[Exercise description]
A faithful transcript of all the lines below, with no pictures, is the goal here.

[Data excerpt]
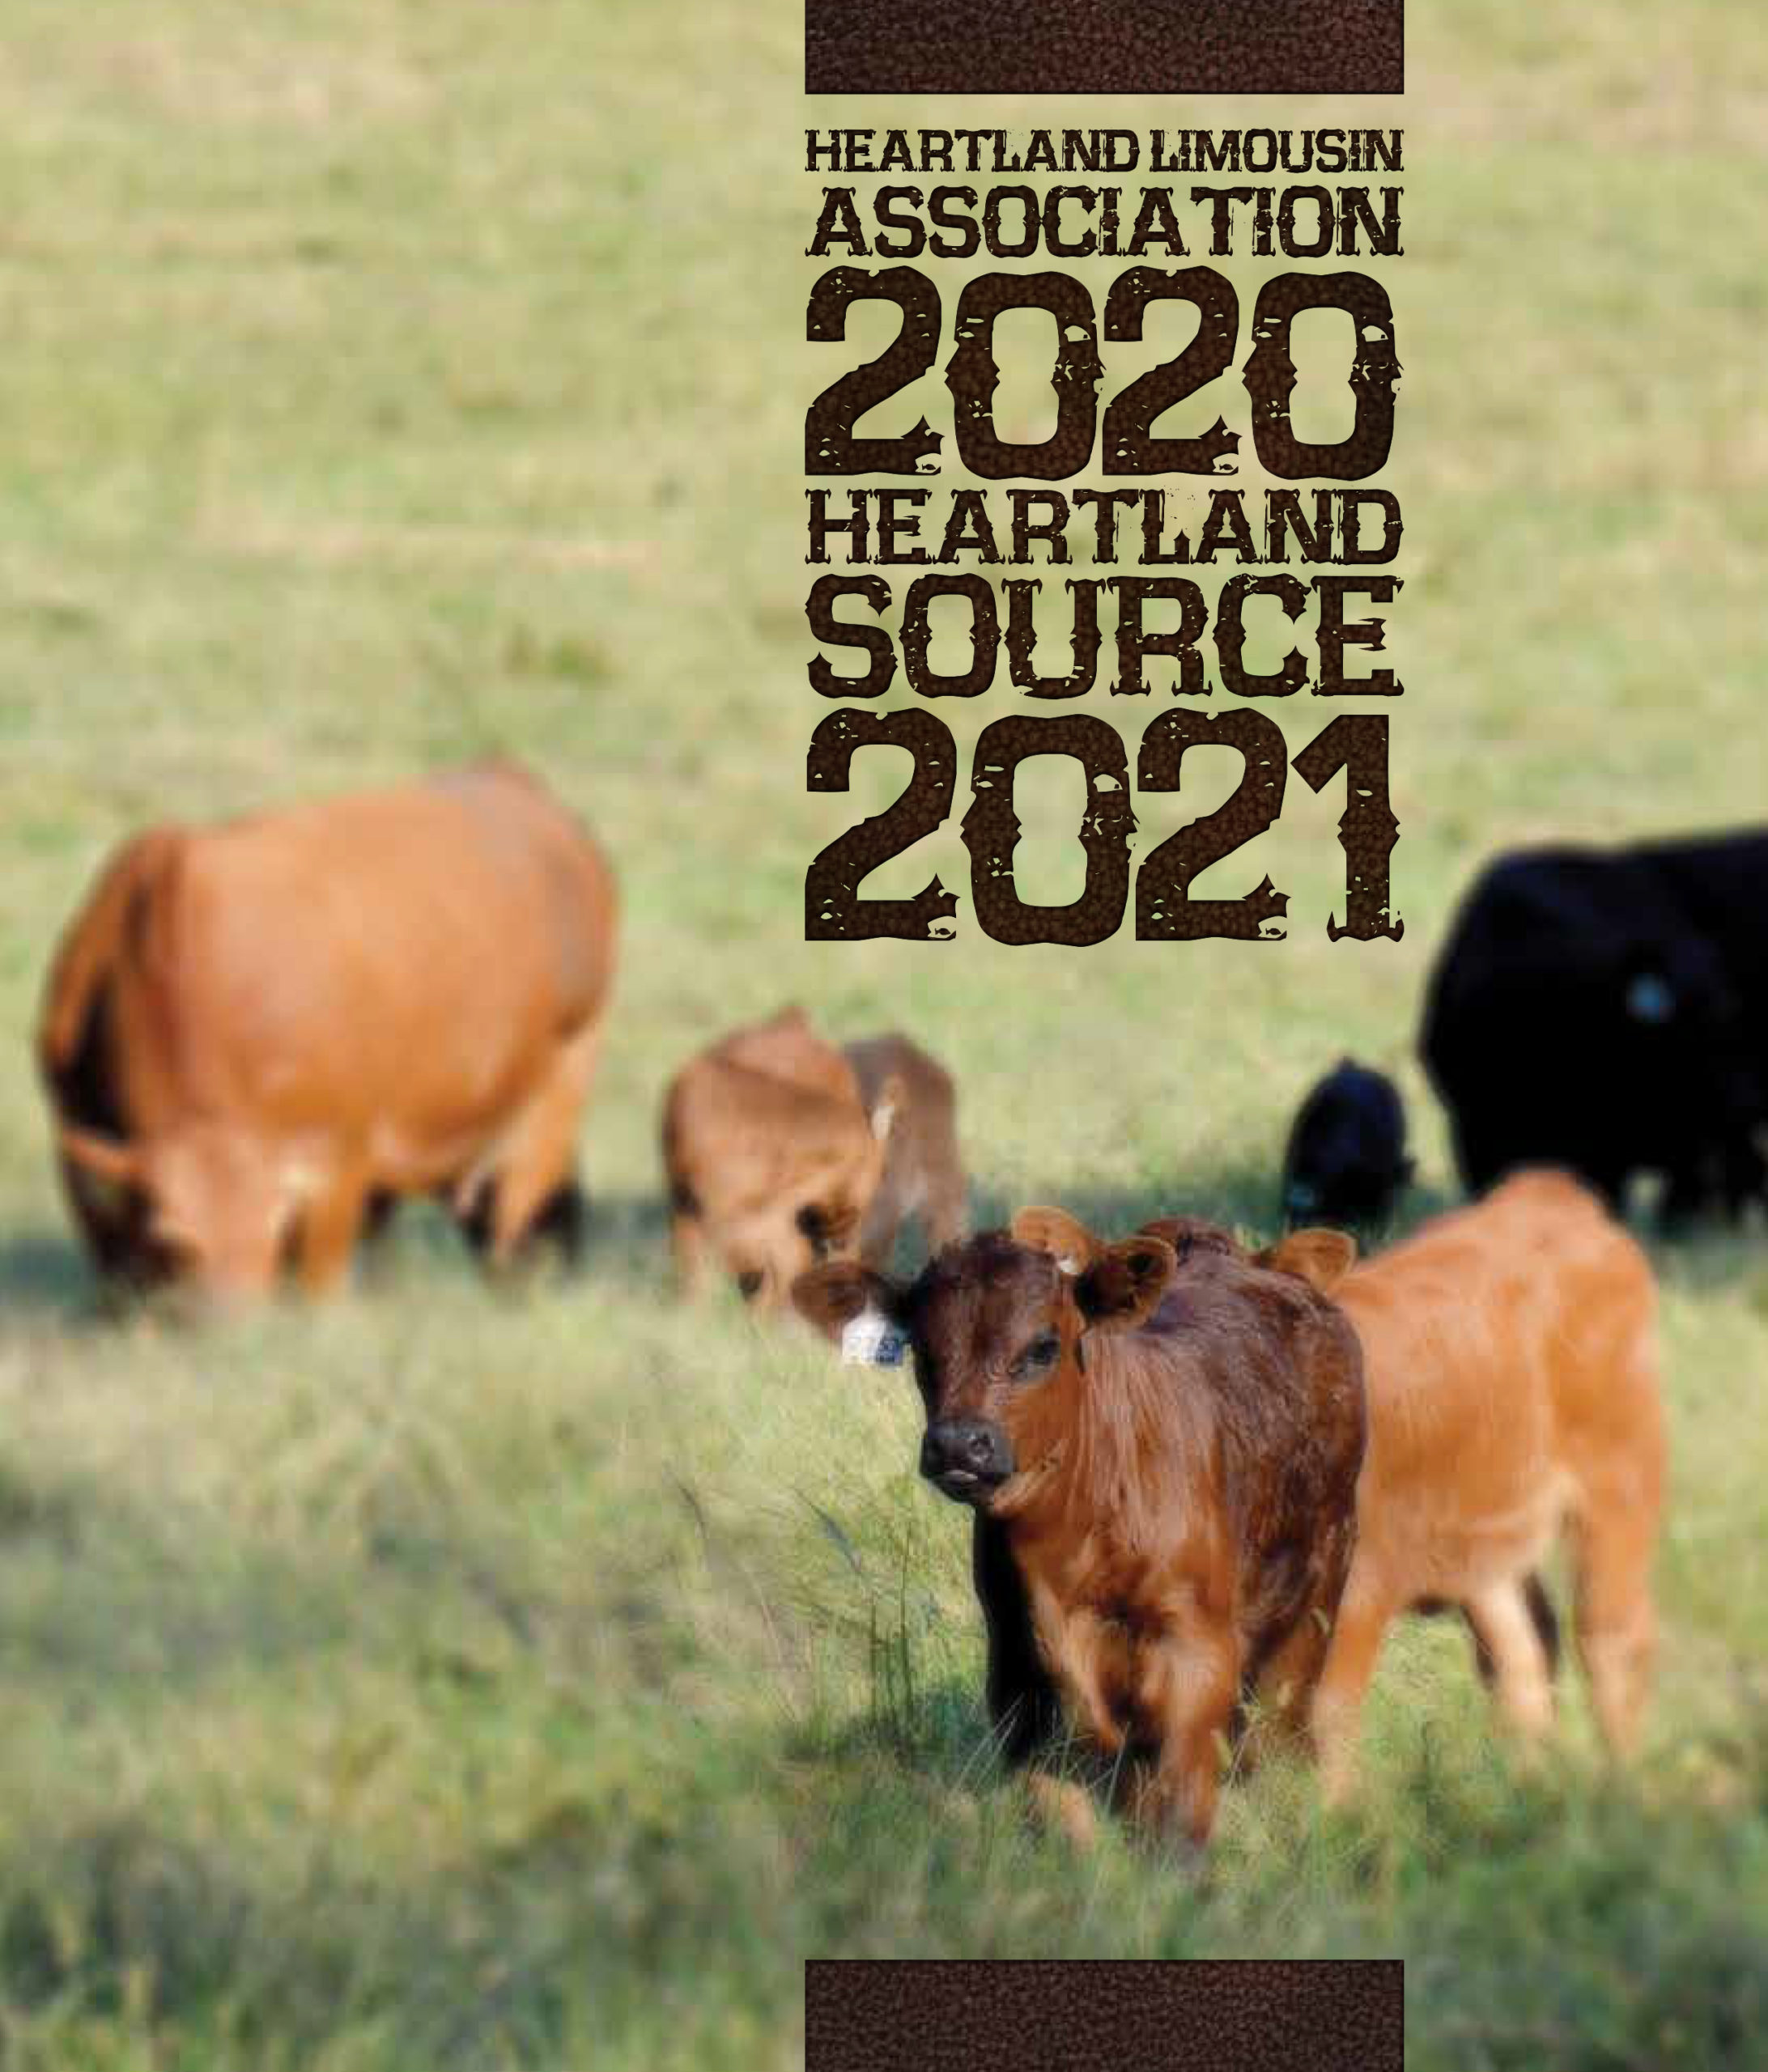 2020 Heartland Source
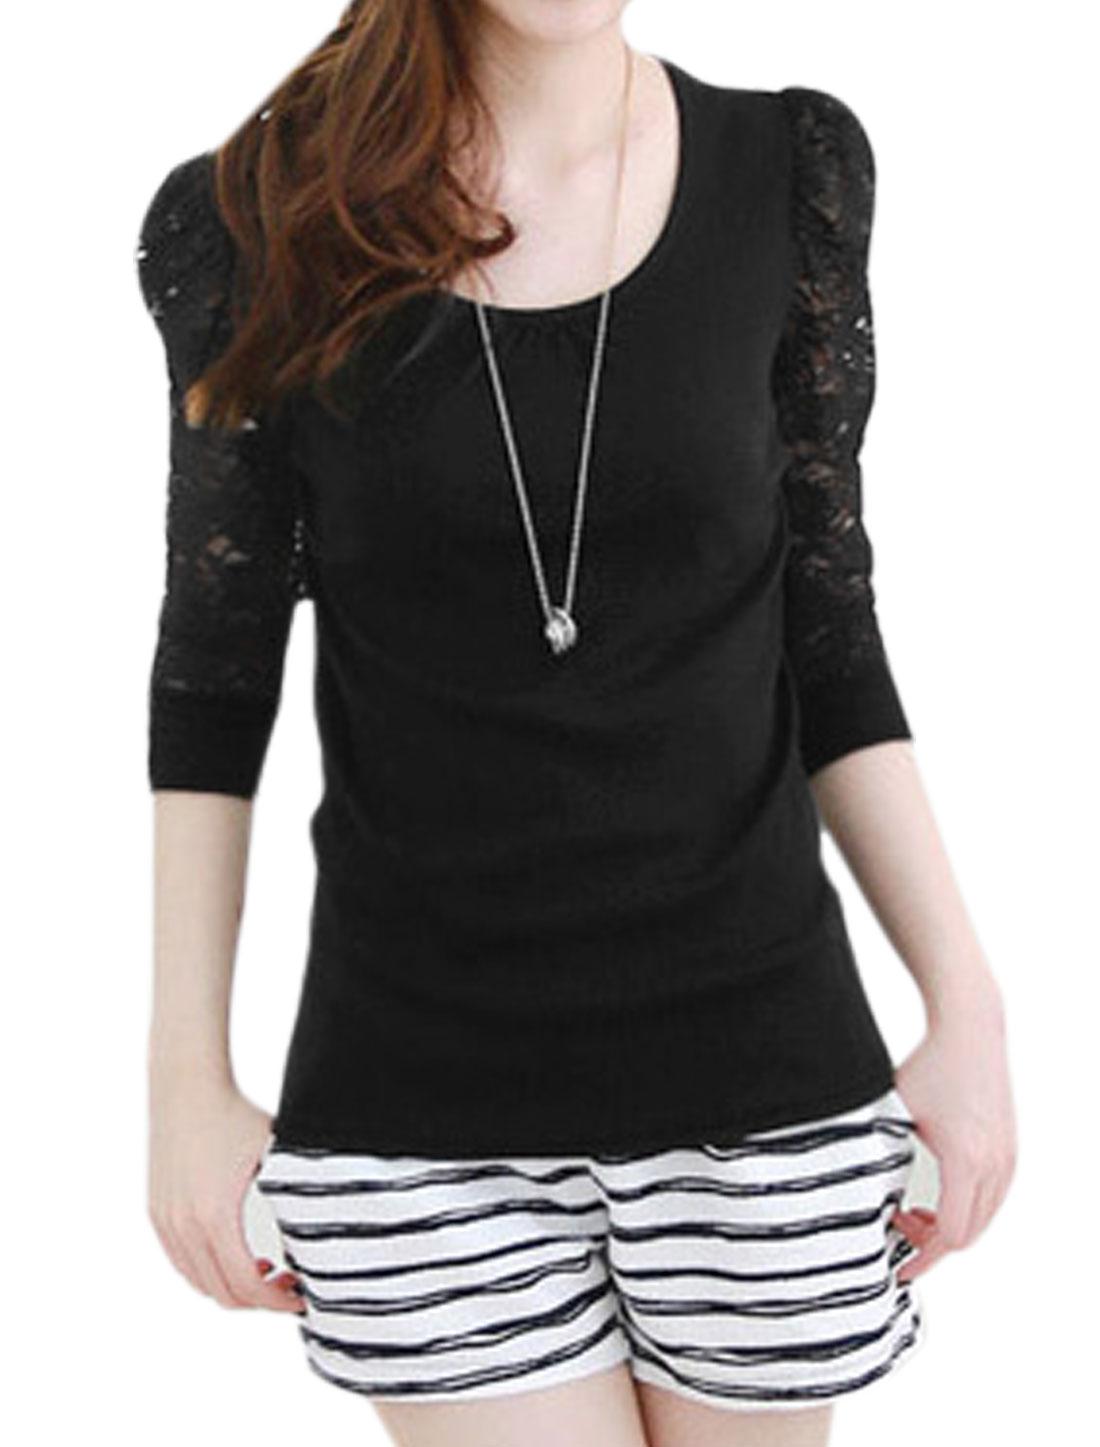 Ladies Slipover Semi Sheet Lace Sleeves Spiced Black Shirt S
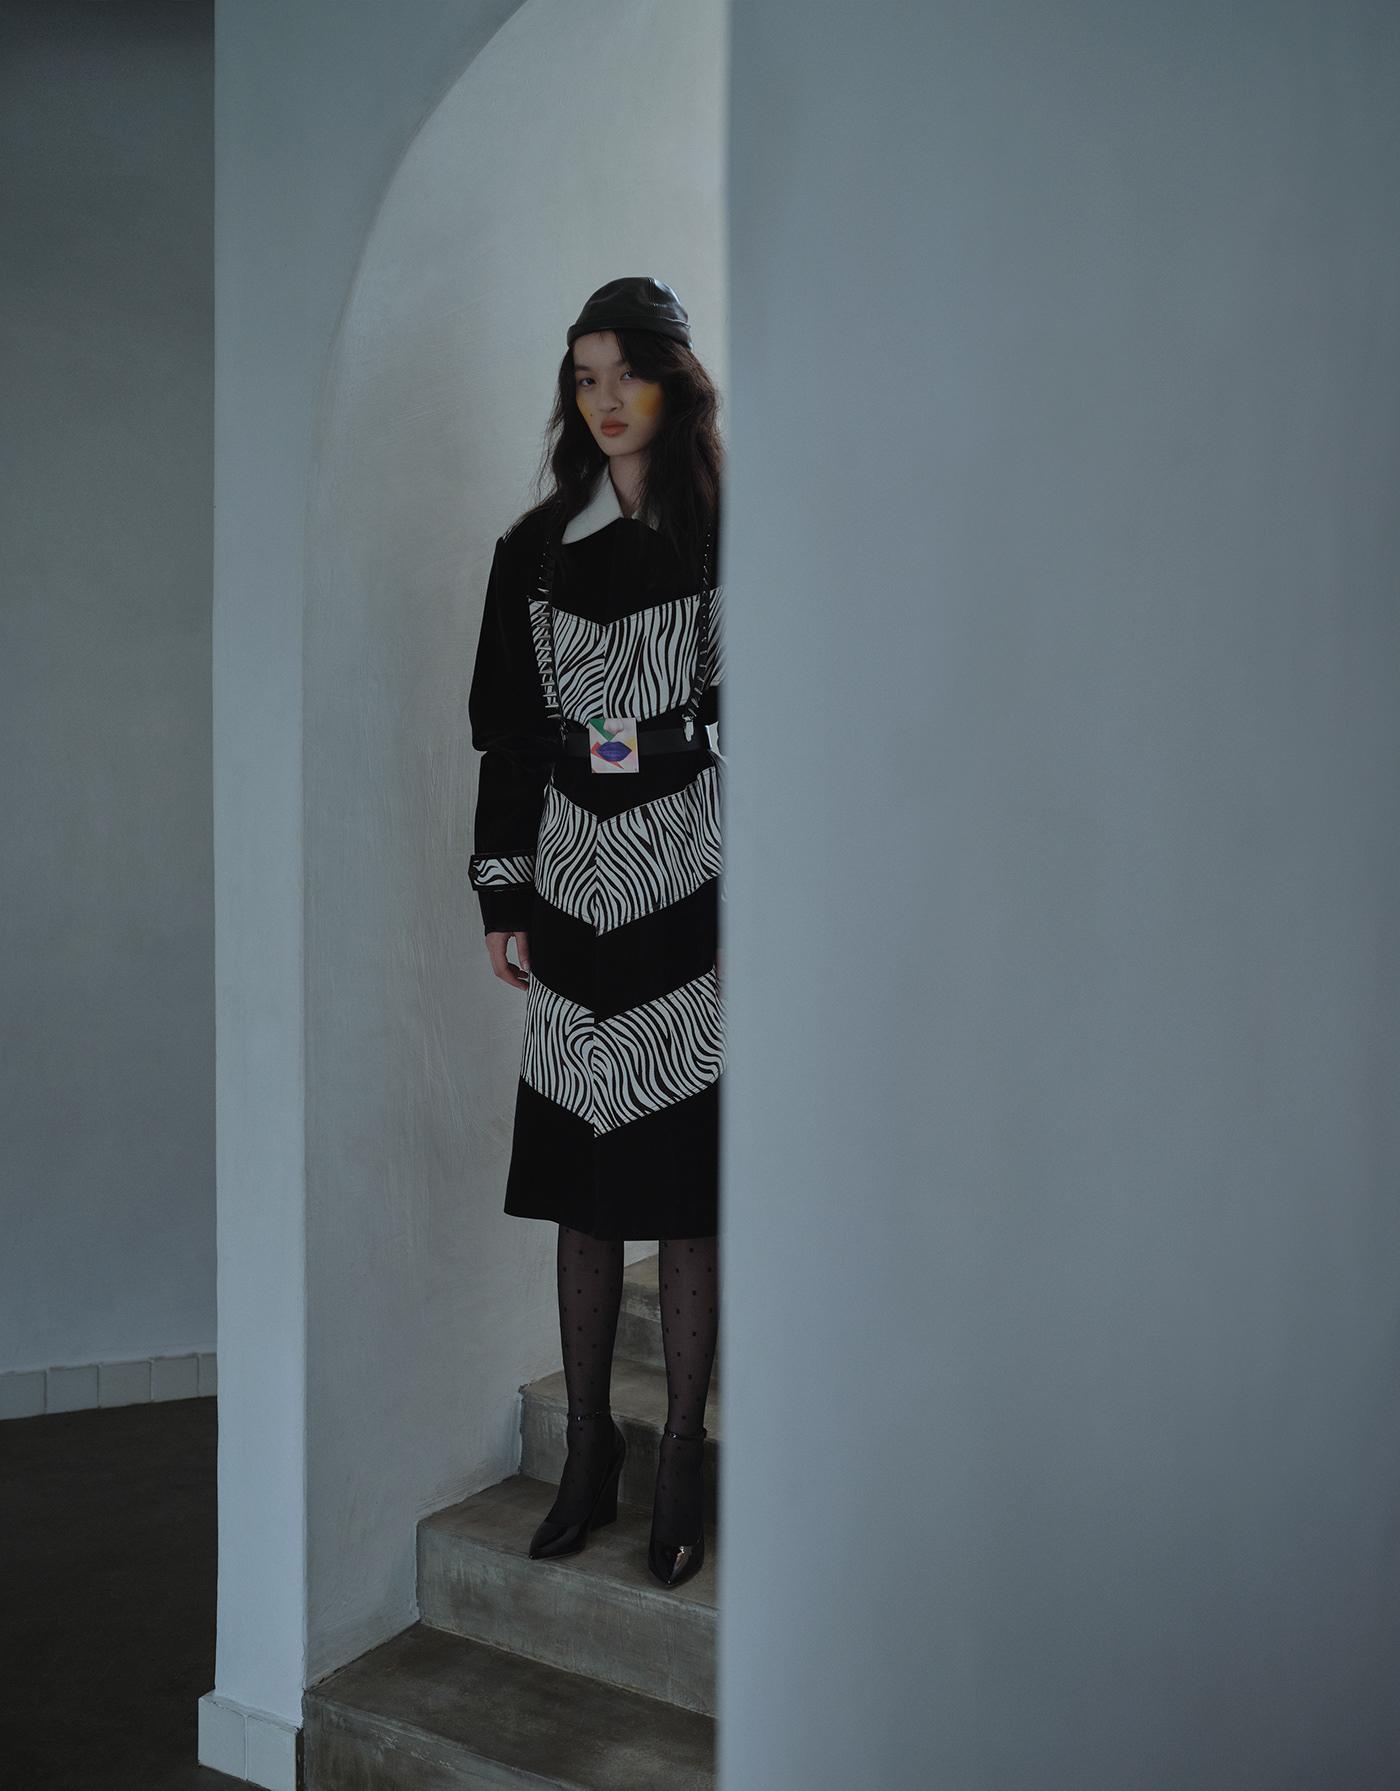 Image may contain: clothing, wall and dress

[Answer for the task]
 2020 Heartland Source
 Ladies Slipover Semi Sheet Lace Sleeves Spiced Black Shirt S
 Image may contain: clothing, wall and dress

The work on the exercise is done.